Could you retype the lines below, starting at the line holding "kallyas_placeholder" and stopping at the line holding "LlamaBottomFlipped.stl Télécharger fichier", inclusive? Copy them exactly and drop the images.

- **Extracted entries**
╭──

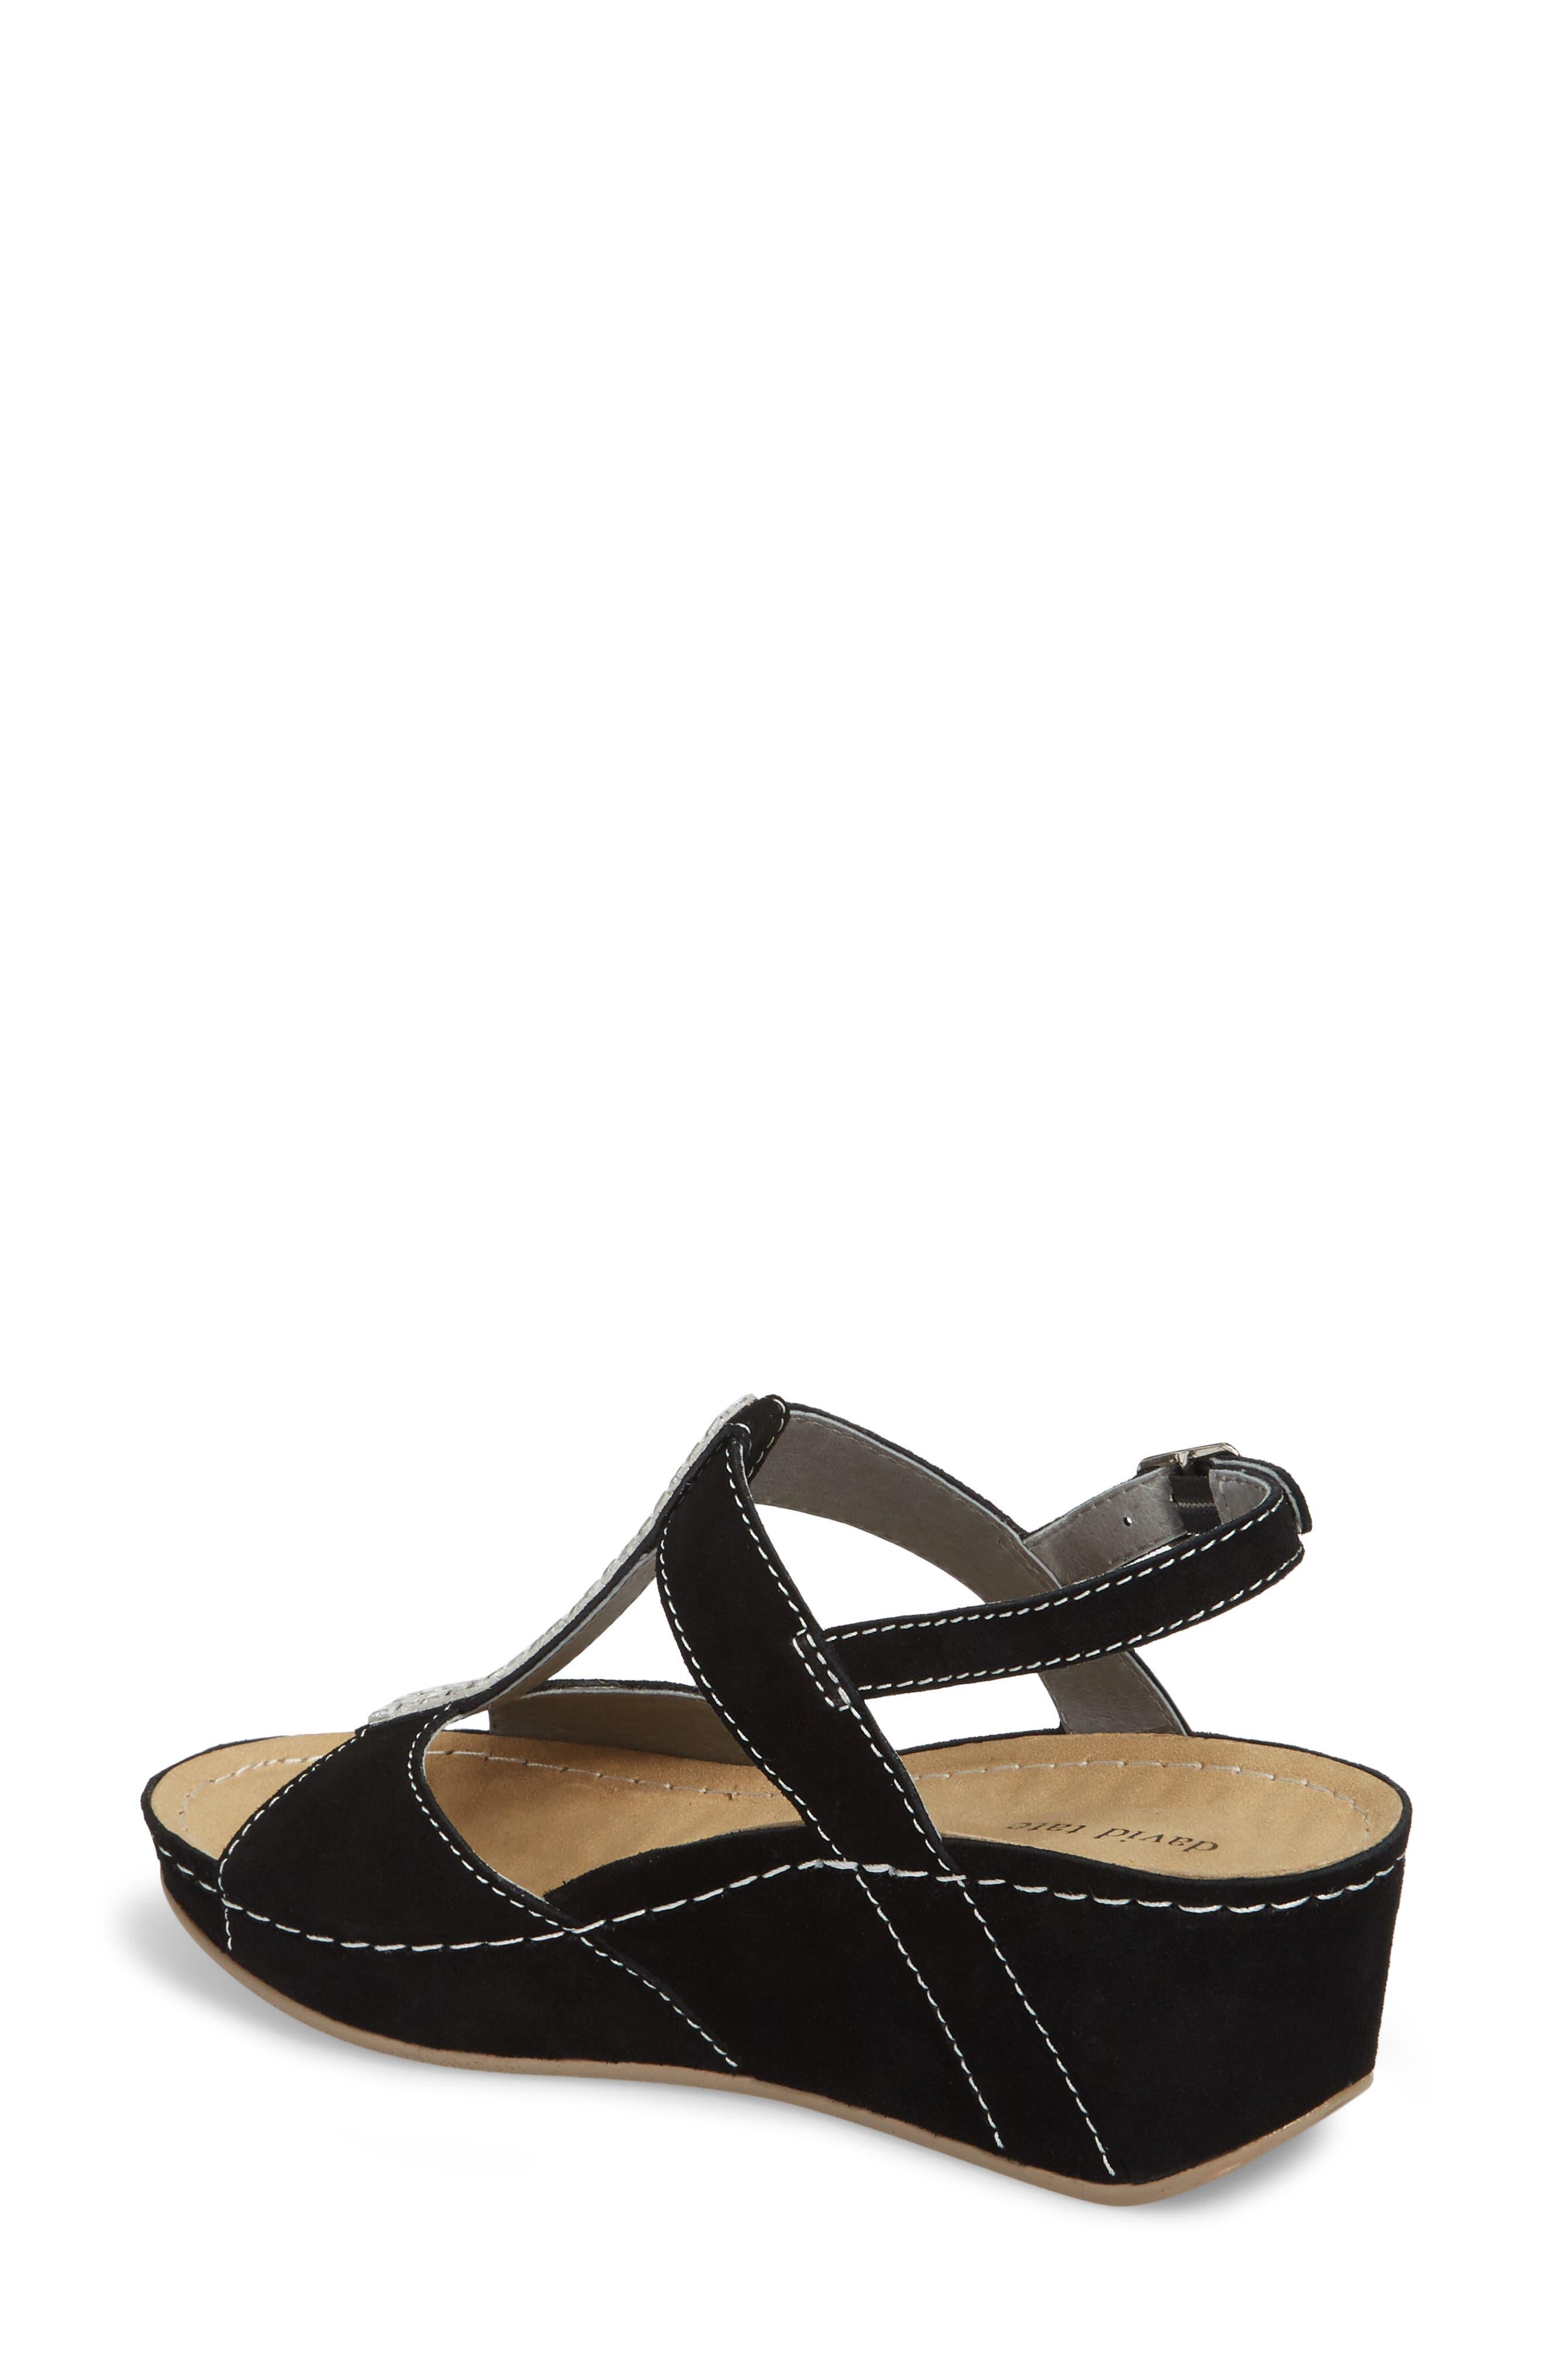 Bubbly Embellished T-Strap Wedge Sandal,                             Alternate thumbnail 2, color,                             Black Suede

╰──
╭──

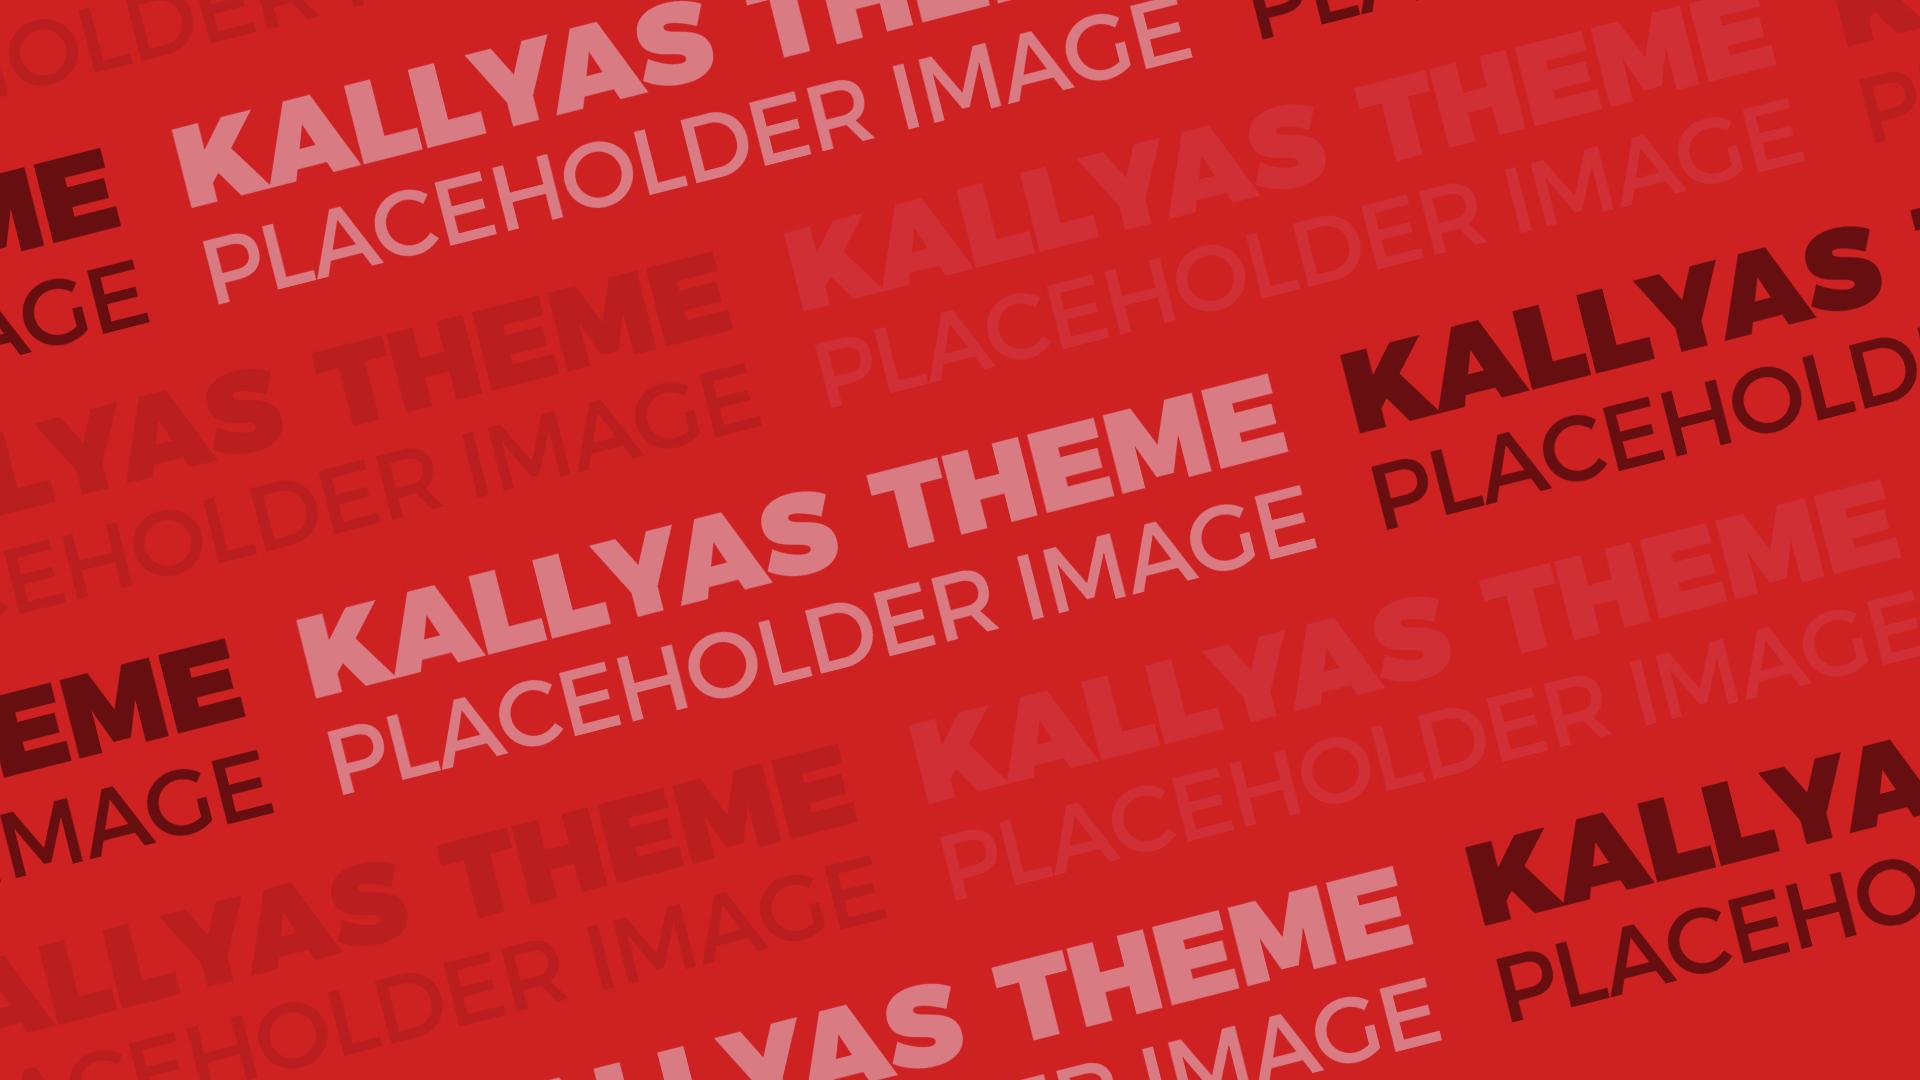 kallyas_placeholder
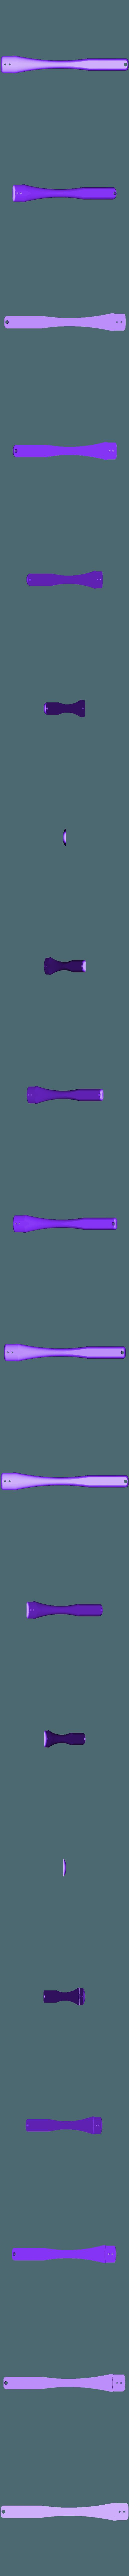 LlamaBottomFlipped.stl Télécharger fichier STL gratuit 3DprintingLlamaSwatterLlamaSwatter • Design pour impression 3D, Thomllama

╰──
╭──

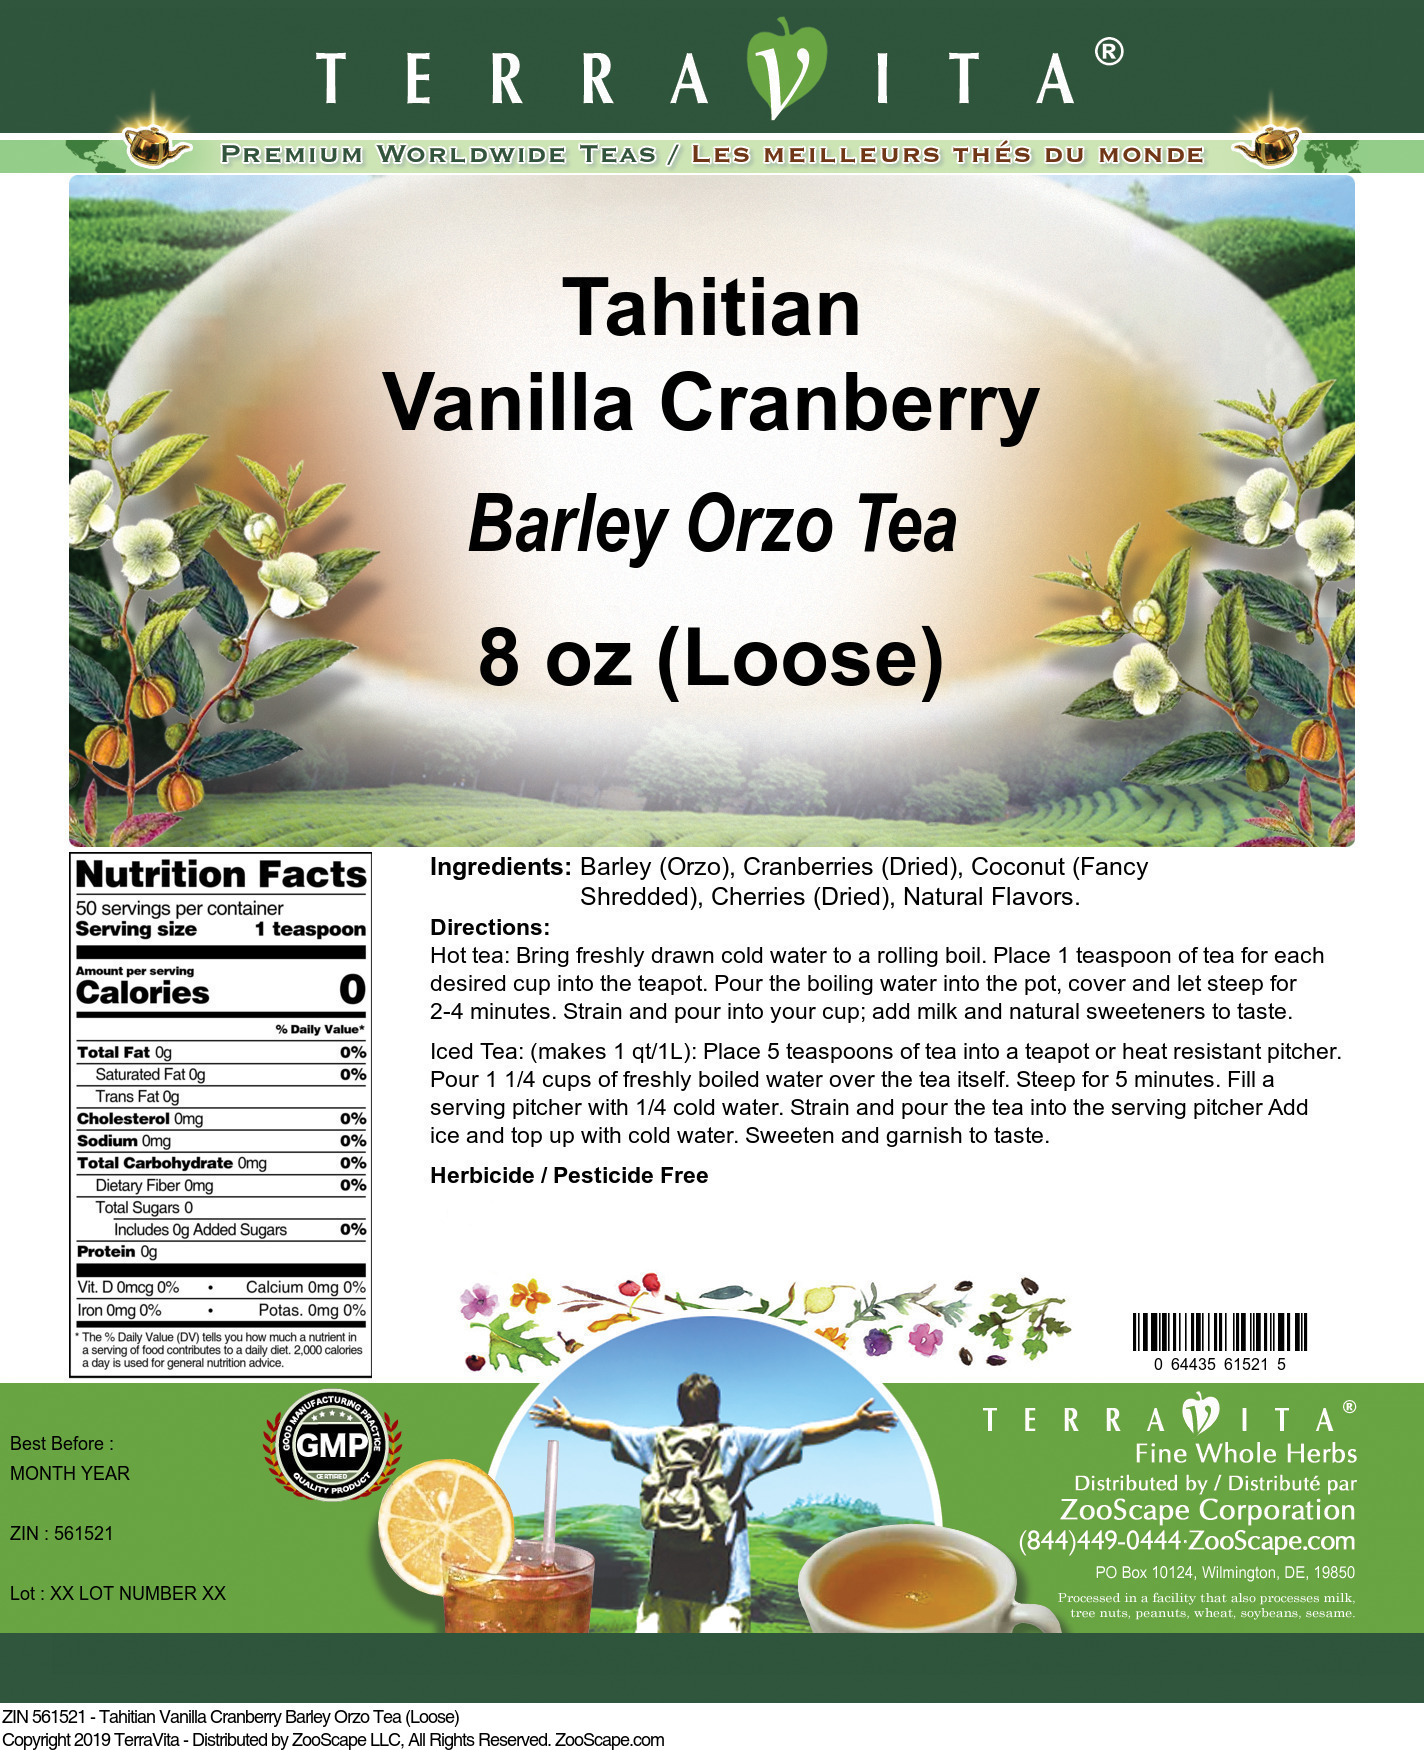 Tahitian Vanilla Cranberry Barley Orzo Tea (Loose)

╰──

- **Written response**
 kallyas_placeholder
 LlamaBottomFlipped.stl Télécharger fichier STL gratuit 3DprintingLlamaSwatterLlamaSwatter • Design pour impression 3D, Thomllama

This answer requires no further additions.